Department of Computer Science, University of California Irvine, Irvine, CA, USA.
Bioinformatics. 2019 Dec 15;35(24):5363-5364. doi: 10.1093/bioinformatics/btz603.
BLAST creates local sequence alignments by first building a database of small k-letter sub-sequences called k-mers. Identical k-mers from different regions provide 'seeds' for longer local alignments. This seed-and-extend heuristic makes BLAST extremely fast and has led to its almost exclusive use despite the existence of more accurate, but slower, algorithms. In this paper, we introduce the Basic Local Alignment for Networks Tool (BLANT). BLANT is the analog of BLAST, but for networks: given an input graph, it samples small, induced, k-node sub-graphs called k-graphlets. Graphlets have been used to classify networks, quantify structure, align networks both locally and globally, identify topology-function relationships and build taxonomic trees without the use of sequences. Given an input network, BLANT produces millions of graphlet samples in seconds-orders of magnitude faster than existing methods.
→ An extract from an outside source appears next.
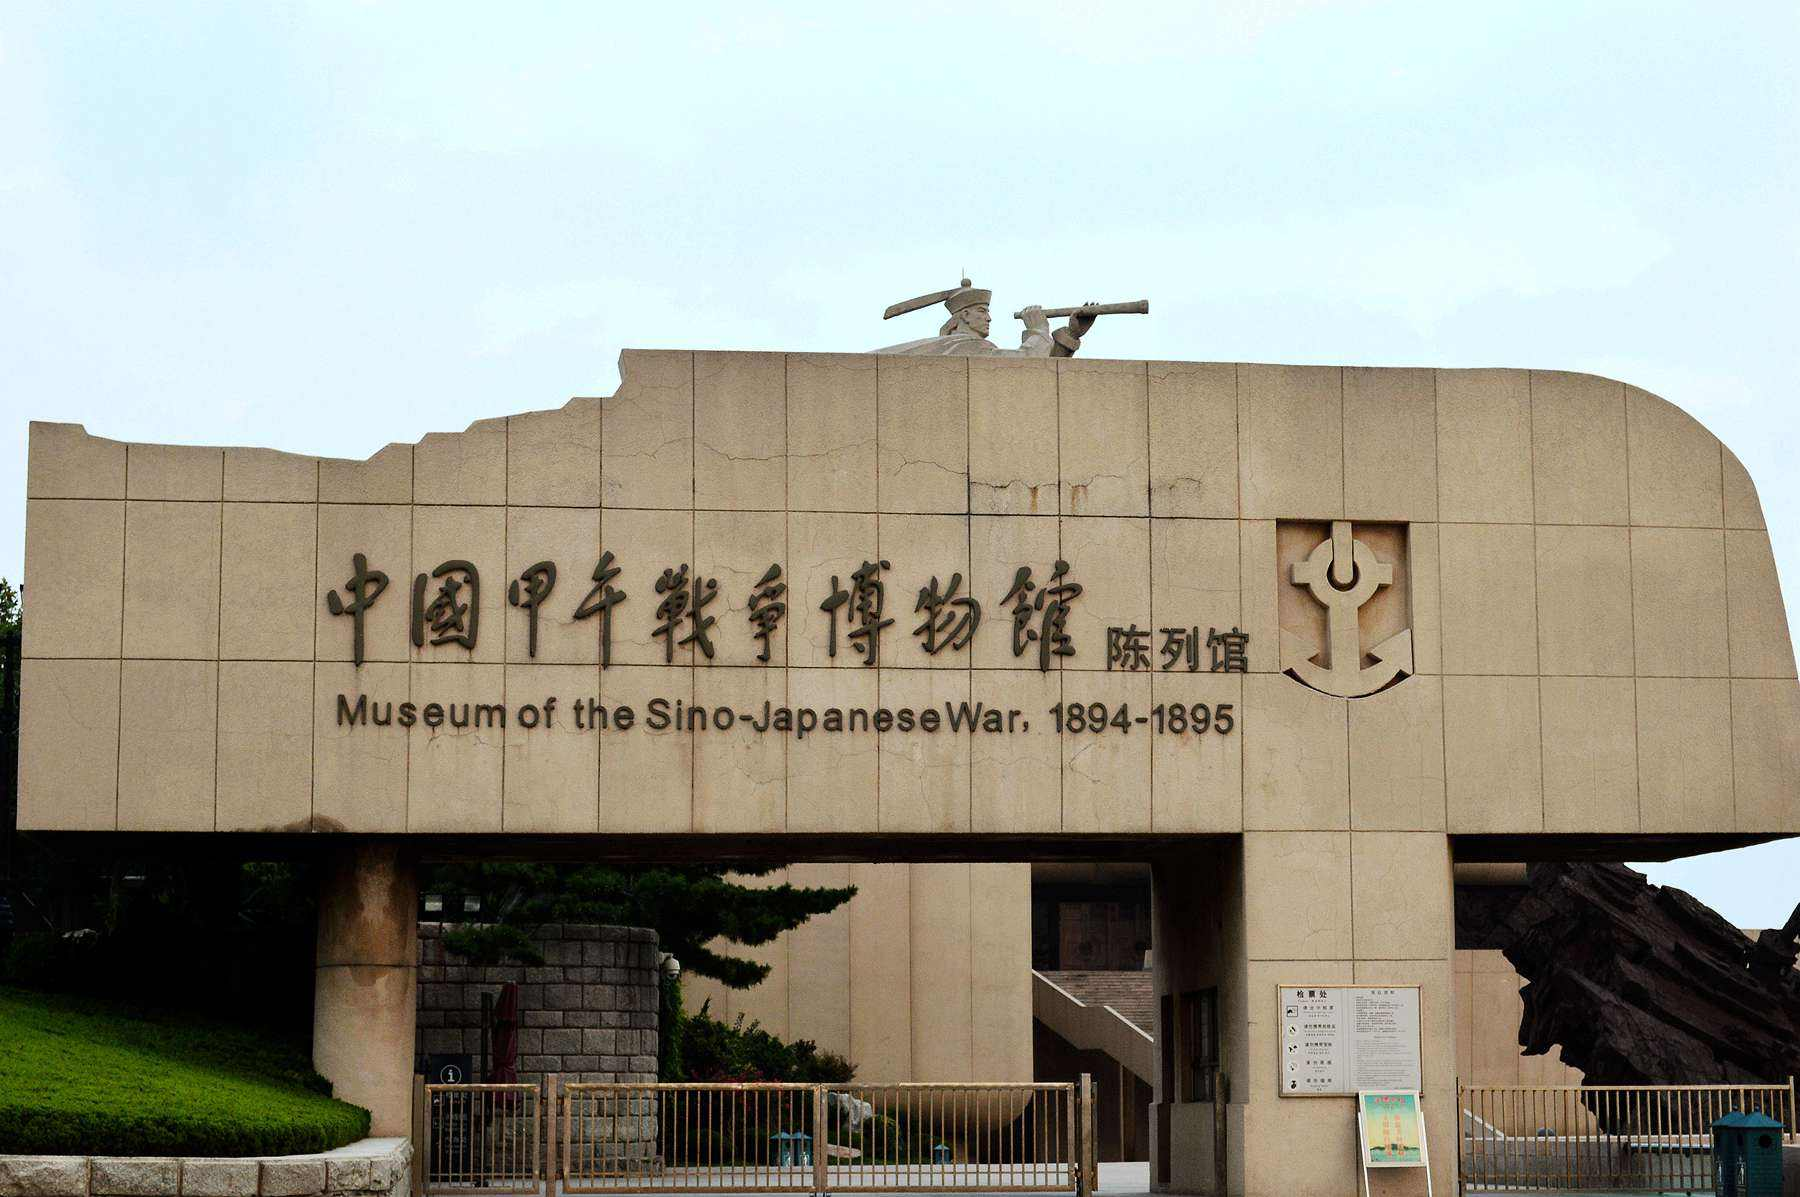 刘公岛甲午战争纪念遗址及博物馆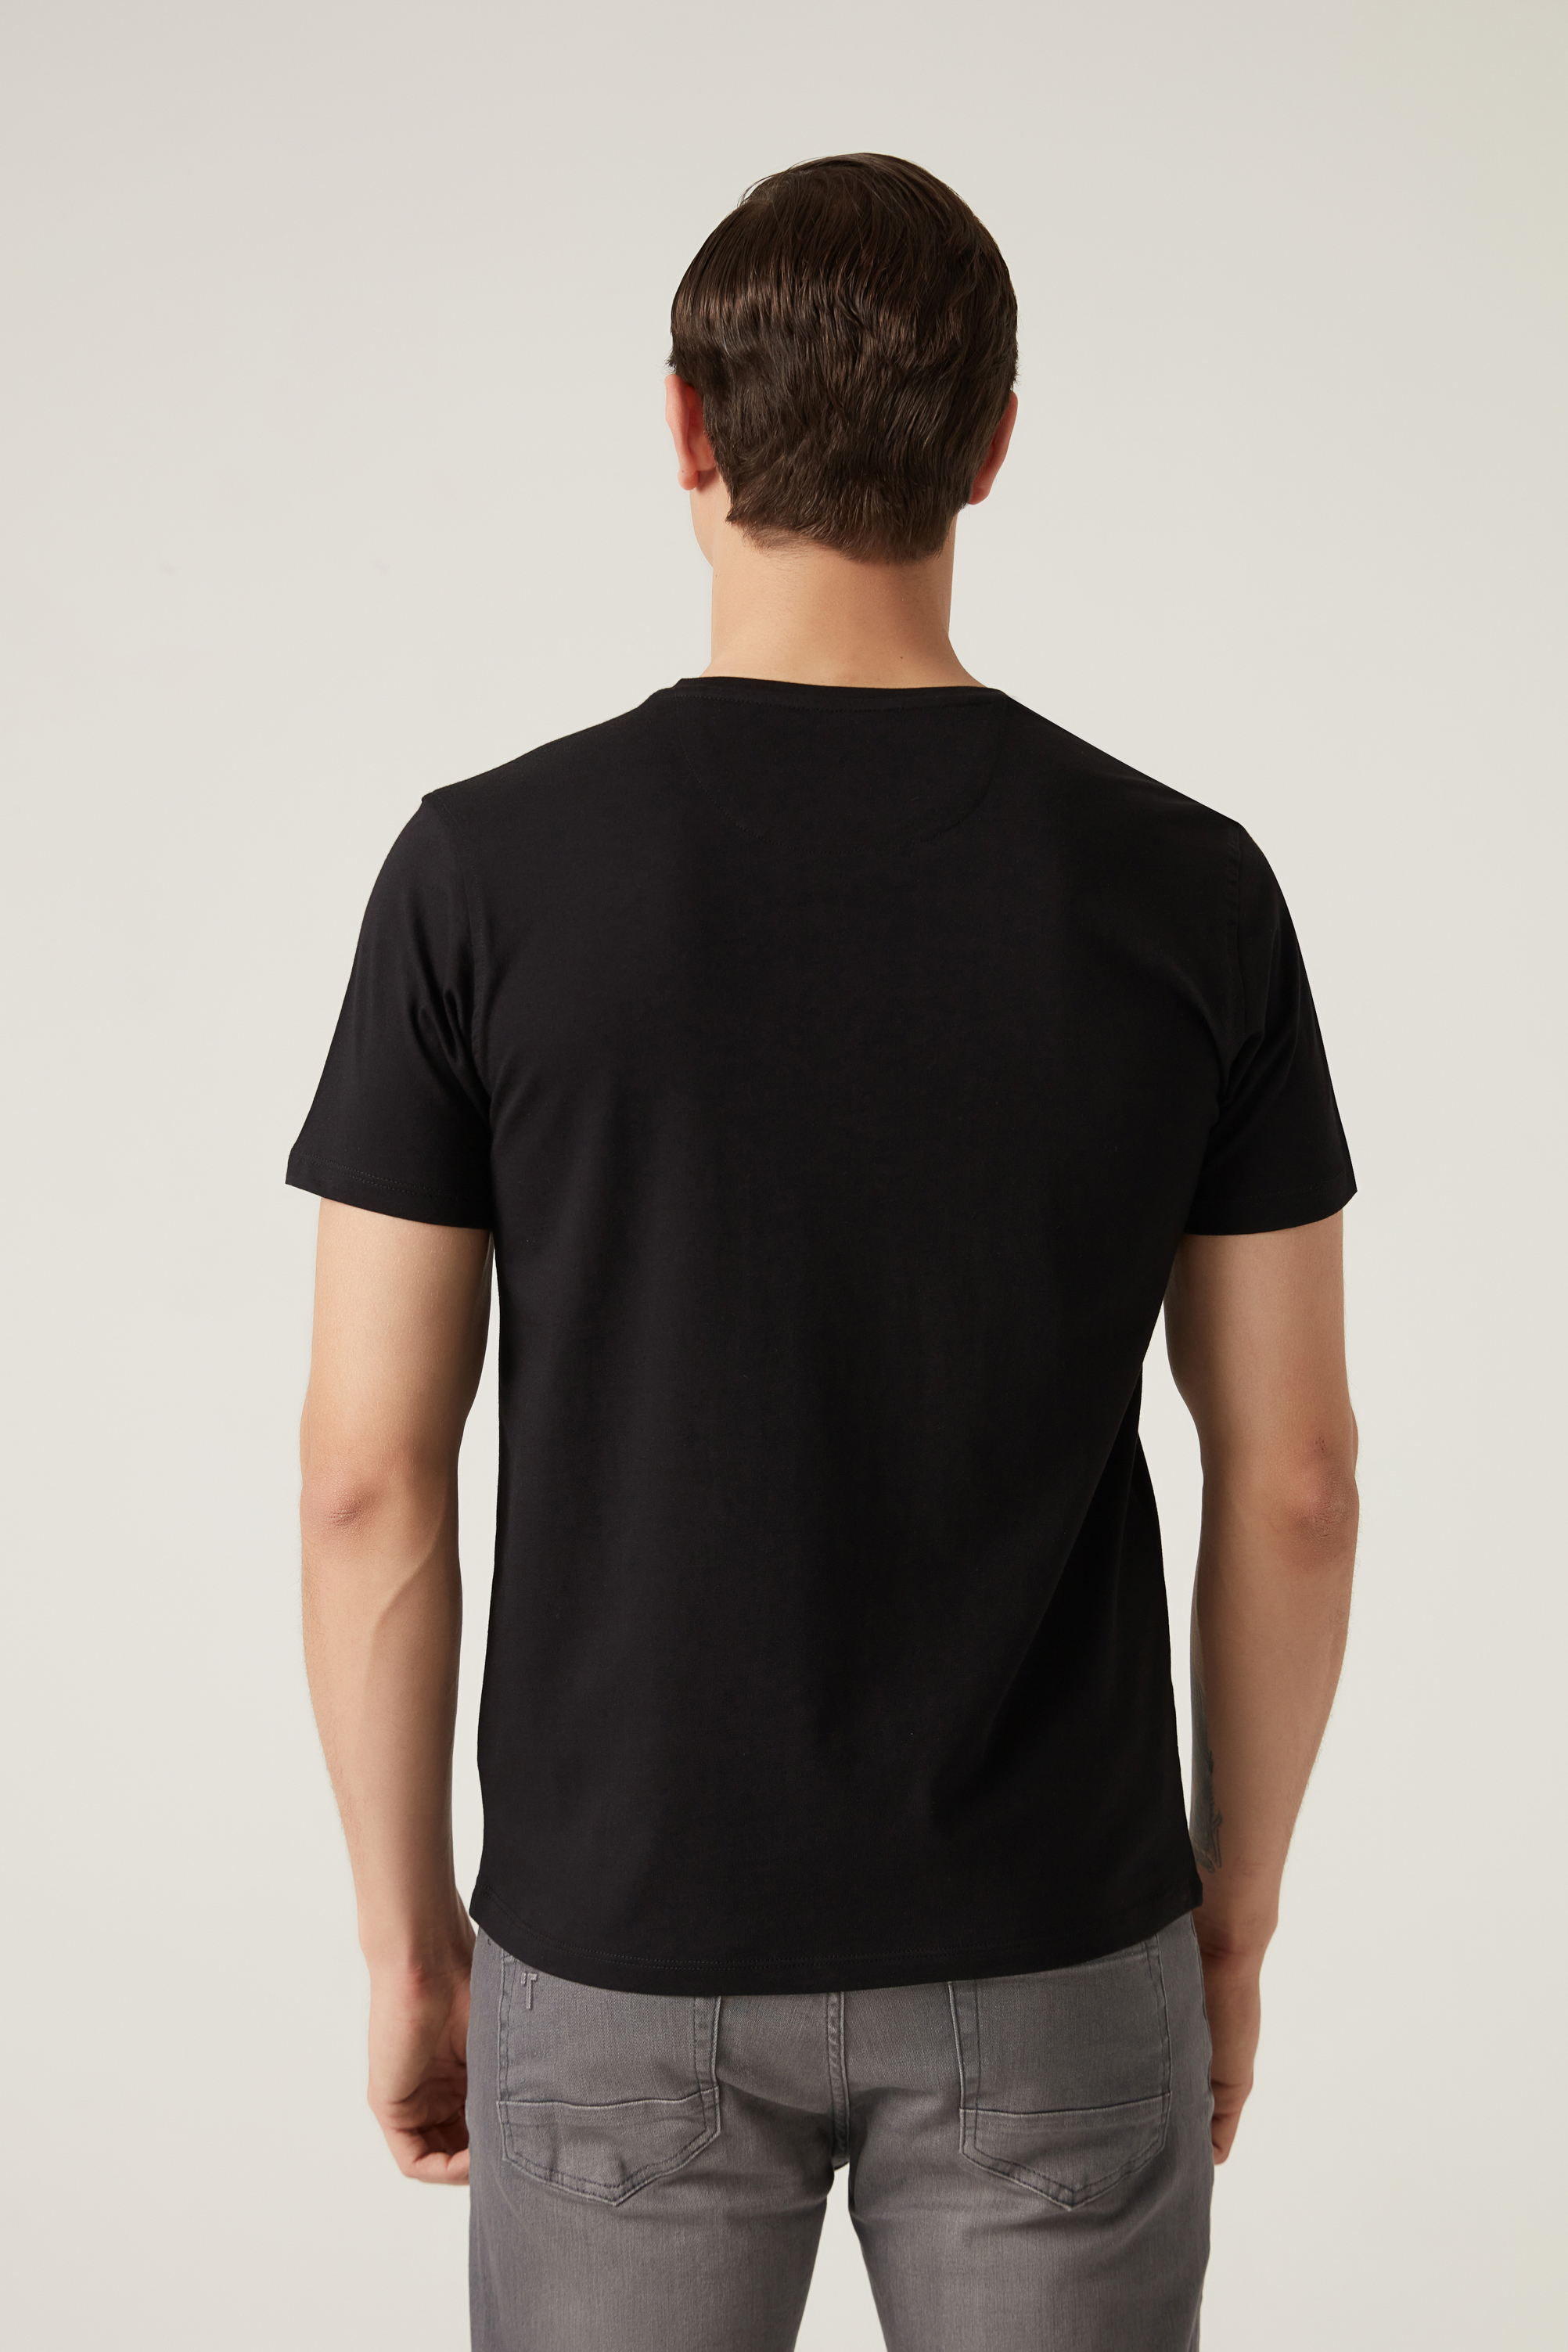 Damat Tween Damat Siyah T-shirt. 4

BLANT offers sampled graphlets in various forms: distributions of graphlets or their orbits; graphlet degree or graphlet orbit degree vectors, the latter being compatible with ORCA; or an index to be used as the basis for seed-and-extend local alignments. We demonstrate BLANT's usefelness by using its indexing mode to find functional similarity between yeast and human PPI networks.
BLANT is written in C and is available at https://github.com/waynebhayes/BLANT/releases.
Supplementary data are available at Bioinformatics online.
BLAST 通过首先构建一个称为 k-mer 的小 k 字母子序列数据库来创建局部序列比对。来自不同区域的相同 k-mer 为更长的局部比对提供了“种子”。这种种子和扩展启发式方法使 BLAST 非常快速,尽管存在更准确但更慢的算法,但它已几乎被独占使用。在本文中,我们引入了网络的基本局部比对工具 (BLANT)。BLANT 是 BLAST 的模拟,但针对网络:给定一个输入图,它会采样小的、诱导的、k 节点子图,称为 k-图元。图元已被用于对网络进行分类、量化结构、在本地和全局对齐网络、识别拓扑-功能关系以及构建分类树,而无需使用序列。给定一个输入网络,BLANT 可以在几秒钟内生成数百万个图元样本,比现有方法快几个数量级。BLANT 以各种形式提供采样的图元:图元或其轨道的分布;图元度或图元轨道度向量,后者与 ORCA 兼容;或者用作种子和扩展局部比对的基础索引。我们通过使用其索引模式在酵母和人类 PPI 网络之间查找功能相似性来展示 BLANT 的有用性。
BLANT 是用 C 编写的,可在 https://github.com/waynebhayes/BLANT/releases 上获得。
补充数据可在 Bioinformatics 在线获得。